The celebration of Christmas in Nazi Germany included attempts by the regime to bring the Christian religious holiday into line with Nazi ideology. The Jewish origins of Jesus and the commemoration of his birth as the Jewish Messiah was troubling for some members of the Nazi Party and their racialist beliefs. Between 1933 and 1945, some government officials attempted to remove these aspects of Christmas from civil celebrations and concentrate on cultural pre-Christian aspects of the festival. However, church and private celebrations remained Christian in nature.

==Background==
Christianity had long been the main faith of the Germanic peoples, dating to the missionary work of Columbanus and St. Boniface in the 6th–8th centuries. The Nazis ruled Germany from 1933 to 1945. Nazism wanted to transform the subjective consciousness of the German people—their attitudes, values and mentalities—into a single-minded, cohesive "national community". According to the American journalist Shirer, "under the leadership of Rosenberg, Bormann and Himmler—backed by Hitler—the Nazi regime intended to destroy Christianity in Germany, if it could, and substitute the old paganism of the early tribal Germanic gods and the new paganism of the Nazi extremists."

Hitler and the Nazi party promoted "Positive Christianity" early on, but Hitler had a falling out with Alfred Rosenberg and declared it not to be the official stance of the Nazi party. Positive Christianity itself was not exclusively Christian and was open to non-theists and even promoted Wotan in Rosenberg's Myth of the 20th Century.

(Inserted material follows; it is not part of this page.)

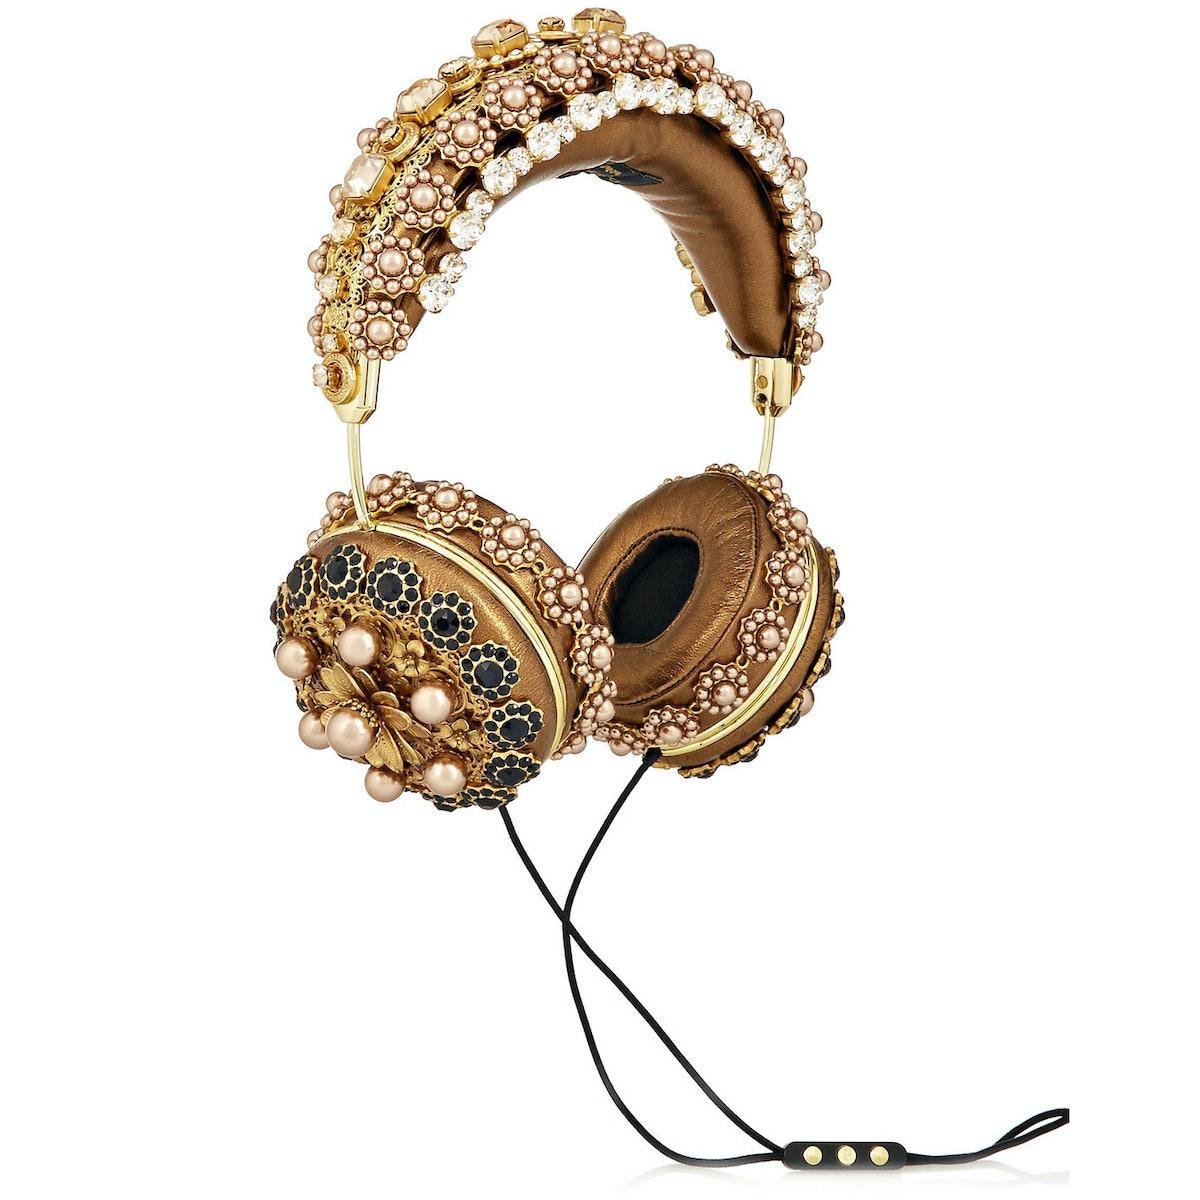 Dolce & Gabbana x Friends Headphones

Early Nazi celebrations of Christmas occurred in 1921 when Adolf Hitler made a speech in a beer hall in Munich to 4,000 supporters. Undercover police reporters wrote that the crowd cheered when Hitler condemned "the cowardly Jews for breaking the world-liberator on the cross", swearing he was "not to rest until the Jews ... lay shattered on the ground." The crowd then sang carols and nationalist hymns around a Christmas tree, with gifts being donated to working-class attendees of the speech. After taking power in 1933, Nazi ideologues initially sought to reject Germany's long-held Christmas traditions—renaming the festival Julfest, and propagating its Germanic origins as the celebration of the winter solstice. But for the majority of Germans, the Christian traditions remained the basis of the holiday, and the churches were outraged by the removal of Christ from Christmas and maintained the Christian traditions among themselves.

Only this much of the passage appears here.